The step of method or algorithm for being described with reference to the embodiments described herein, can use hardware, processor to perform The combination of software module or the two is implemented.Software module can be placed in random access memory (RAM), memory, read-only memory (ROM), electrically programmable ROM, electrically erasable ROM, register, hard disk, moveable magnetic disc, CD-ROM or technical field In any other form of storage medium well known to interior.

Above-described specific embodiment has carried out the purpose of the present invention, technical solution and advantageous effect further It is described in detail, it should be understood that the foregoing is merely the specific embodiment of the present invention, is not intended to limit the present invention Protection domain, all any modification, equivalent substitution, improvement and etc. within the scope of the present invention, done should be included in this hair Within bright protection domain.

Claims

1. a kind of generation method of audio-frequency fingerprint, which is characterized in that including：

The second audio file based on pcm encoder is intercepted according to the first audio file, second audio file is described the The audio file intercepted at one audio file first time；

Multiple sub fingerprints are obtained according to second audio file；

The setting quantity sub fingerprint in the multiple sub fingerprint is intercepted at the second time as first audio text The audio-frequency fingerprint of part.

2. it according to the method described in claim 1, it is characterized in that, further includes：

3. method according to claim 1 or 2, which is characterized in that the first time is 45 seconds.

4. method according to claim 1 or 2, which is characterized in that second time is more than 32 seconds, and less than described the One time.

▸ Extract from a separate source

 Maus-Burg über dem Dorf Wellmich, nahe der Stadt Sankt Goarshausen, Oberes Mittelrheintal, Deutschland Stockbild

5. according to the method described in claim 4, it is characterized in that, the quantity that sets is 512.

A kind of 6. method that audio-frequency fingerprint is added in audio file data library, which is characterized in that the audio file data library Including multiple audio files, the method includes：

It generates at least one audio file and is more than the audio-frequency fingerprint of the audio file of first time, the audio-frequency fingerprint The setting quantity sub fingerprint intercepted at the first time more than the audio file of first time；

7. a kind of generating means of audio-frequency fingerprint, which is characterized in that including：

Interception unit, for intercepting the second audio file based on pcm encoder, the second audio text according to the first audio file Audio file of the part for the interception at the first audio file first time；

Audio-frequency fingerprint generation unit refers to for intercepting the setting quantity height in the multiple sub fingerprint at the second time Audio-frequency fingerprint of the line as first audio file.

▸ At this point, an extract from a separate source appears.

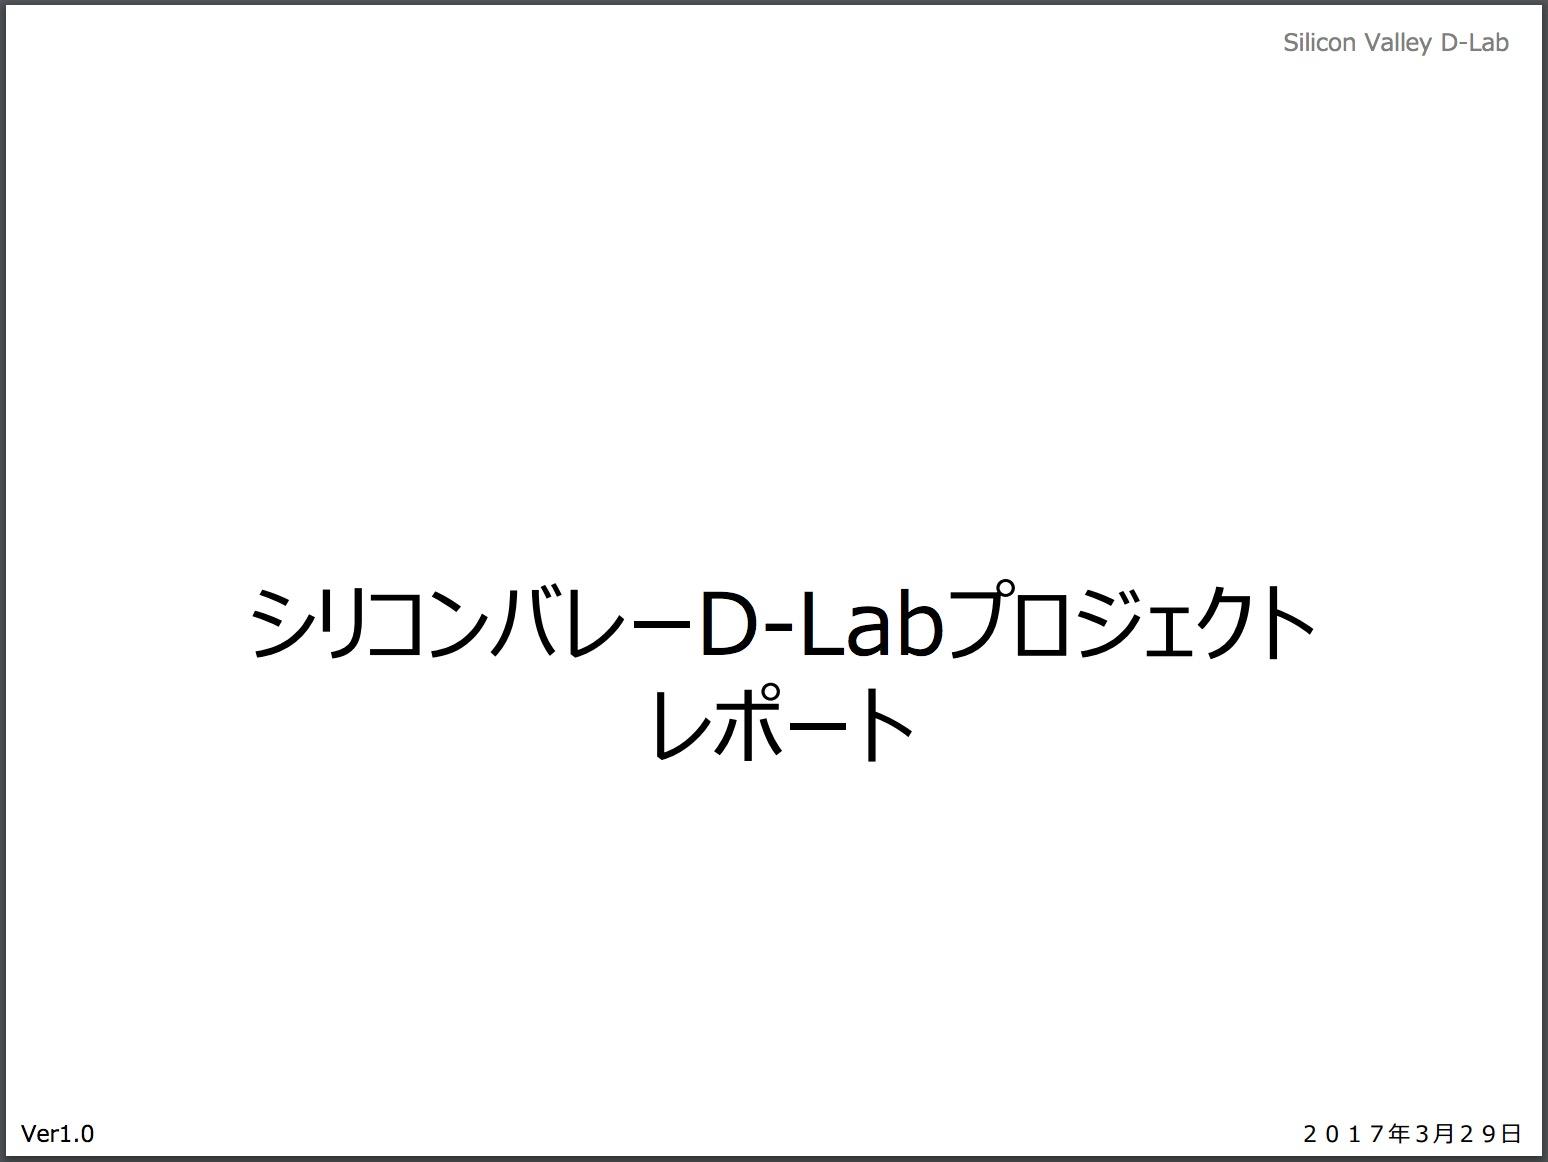 シリコンバレーD-Labプロジェクトレポート(Ver1.0)

8. device according to claim 7, which is characterized in that further include：

9. device according to claim 7 or 8, which is characterized in that second time is more than 32 seconds, and less than described the One time.

A kind of 10. device that audio-frequency fingerprint is added in audio file data library, which is characterized in that the audio file data library Including multiple audio files, described device includes：

Audio-frequency fingerprint generation unit, for generating at least one audio file more than the sound of the audio file of first time Frequency fingerprint, the audio-frequency fingerprint are the setting quantity that intercepts at the first time more than the audio file of first time Sub fingerprint；

Adding device for generating database statement according to the audio-frequency fingerprint, and the audio-frequency fingerprint is added in the number According in library.